Tested latency: 0.80s end-to-end on RTX 3080 (STT 0.40s + LLM 0.33s + TTS 0.08s)

Features

  • Streaming pipeline — speaks first sentence while LLM generates the rest
  • Interrupt support — speak while bot is talking to cut it off
  • Wake word detection — "Hey Jarvis" / "Lily" (optional, via OpenWakeWord)
  • Beautiful TUI — ASCII logo, sparkline waveform, latency history, GPU/RAM monitor, model info panel
  • ROS2 bridge — publishes STT/TTS/state to ROS2 topics for robotics integration
  • Slash commands/reset, /lang, /voice, /say, /mictest, /model in the TUI
  • Chat export — Ctrl+S to save conversation as markdown
  • 15 languages — English, Vietnamese, French, Spanish, Hindi, Italian, Portuguese, Japanese, Chinese, Korean, German, Thai, Russian, Arabic, Indonesian
  • Auto-detects hardware — GPU layers, model size, STT model

Hardware Requirements

Device RAM GPU Expected Latency
PC (i9 + RTX 3080 16GB) 64GB CUDA ~0.8s
Jetson Orin Nano 8GB CUDA ~1.5-2s
MacBook Air M1 8GB Metal ~2-3s
Any modern laptop 16GB+ CPU only ~2-4s

Quick Start

# 1. Create conda environment
conda create -n voicebot python=3.12 -y
conda activate voicebot

# 2. Install llama-cpp-python with CUDA (prebuilt wheels)
pip install llama-cpp-python \
    --extra-index-url https://abetlen.github.io/llama-cpp-python/whl/cu124

# For Apple Silicon (Metal):
# CMAKE_ARGS="-DGGML_METAL=on" pip install llama-cpp-python

# For CPU only:
# pip install llama-cpp-python

# 3. Install EdgeVox
pip install -e .

# 4. Download all models (~3GB total)
edgevox-setup

# 5. Run!
edgevox

Usage

# TUI mode (default, recommended)
edgevox

# With wake word
edgevox --wakeword "hey jarvis"

# With ROS2 bridge (for robotics)
edgevox --ros2

# CLI mode (simpler, no TUI)
edgevox-cli

# Text mode (no microphone)
edgevox-cli --text-mode

# Custom options
edgevox \
    --whisper-model large-v3-turbo \
    --voice am_adam \
    --language en

TUI Controls

Key Action
Q Quit
R Reset conversation
M Mute/Unmute mic
/ Open command input
Ctrl+S Export chat to markdown

Slash Commands

Command Action
/reset Reset conversation
/lang XX Switch language (en, vi, fr, ko, ...)
/langs List all supported languages
/say TEXT TTS preview — speak text directly
/mictest Record 3s + playback to test audio
/model SIZE Switch Whisper model (small/medium/large-v3-turbo)
/voice XX Switch TTS voice
/voices List available voices
/export Export chat to markdown
/mute Mute microphone
/unmute Unmute microphone
/help Show all commands

ROS2 Integration

EdgeVox can publish voice pipeline events to ROS2 topics, making it easy to add voice interaction to any robot.

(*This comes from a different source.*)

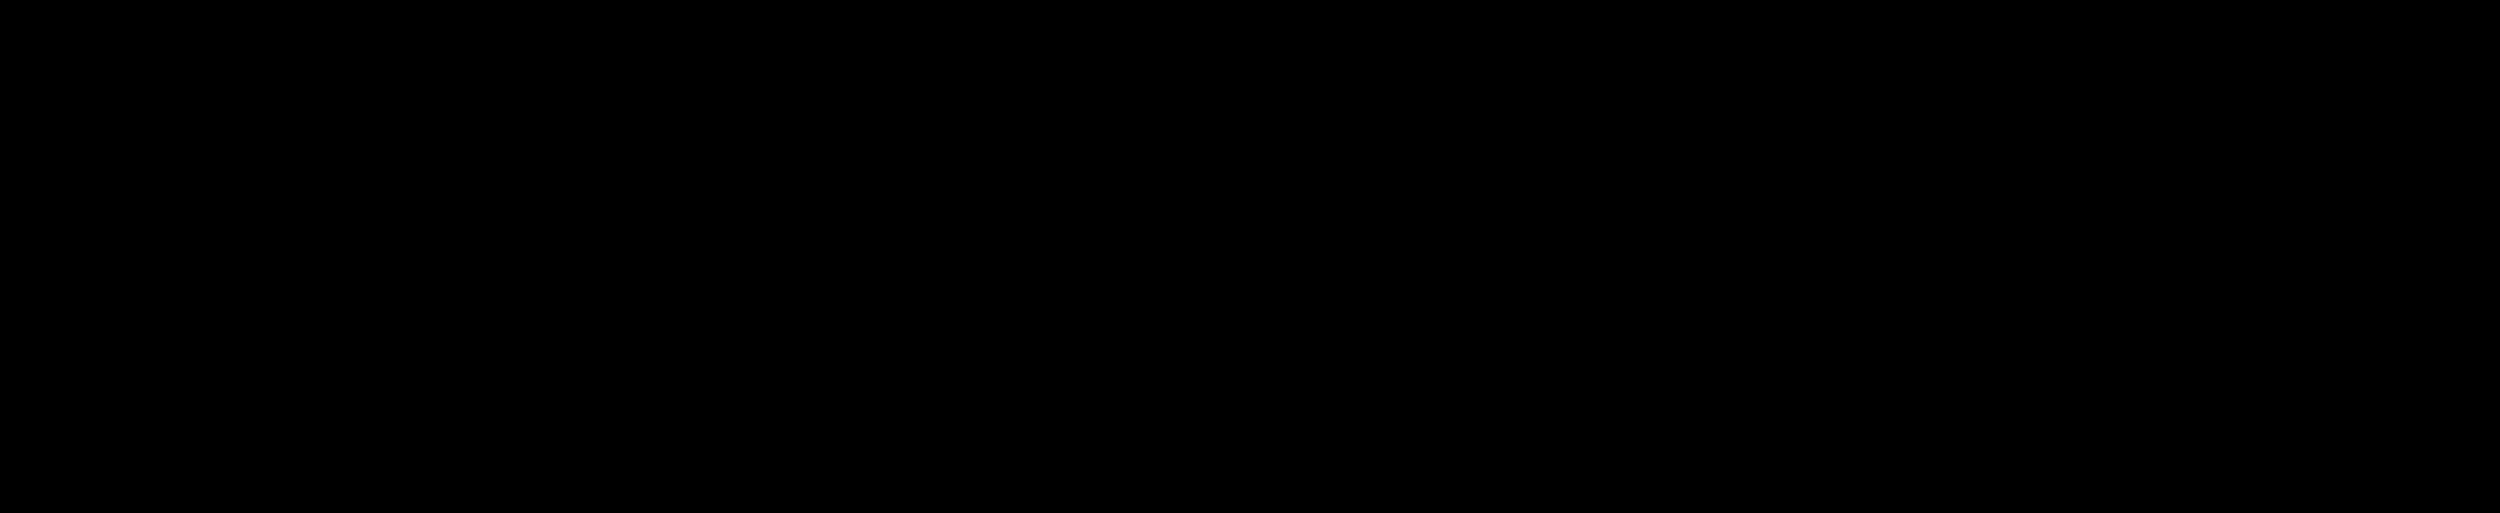 LH_Logo_black_transparentBG.png

# Install with ROS2 support
pip install -e ".[ros2]"

# Run with ROS2 bridge
edgevox --ros2

Published Topics

Topic Type Description
/edgevox/transcription std_msgs/String User's speech (STT output)
/edgevox/response std_msgs/String Bot's response text
/edgevox/state std_msgs/String Pipeline state (listening, thinking, speaking)
/edgevox/audio_level std_msgs/Float32 Mic level (0.0-1.0)
/edgevox/metrics std_msgs/String JSON latency metrics

Subscribed Topics

Topic Type Description
/edgevox/tts_request std_msgs/String Send text for the bot to speak
/edgevox/command std_msgs/String Commands: reset, mute, unmute

Example: Robot Integration

import rclpy
from std_msgs.msg import String

# Listen to what the user says
node.create_subscription(String, '/edgevox/transcription', on_user_speech, 10)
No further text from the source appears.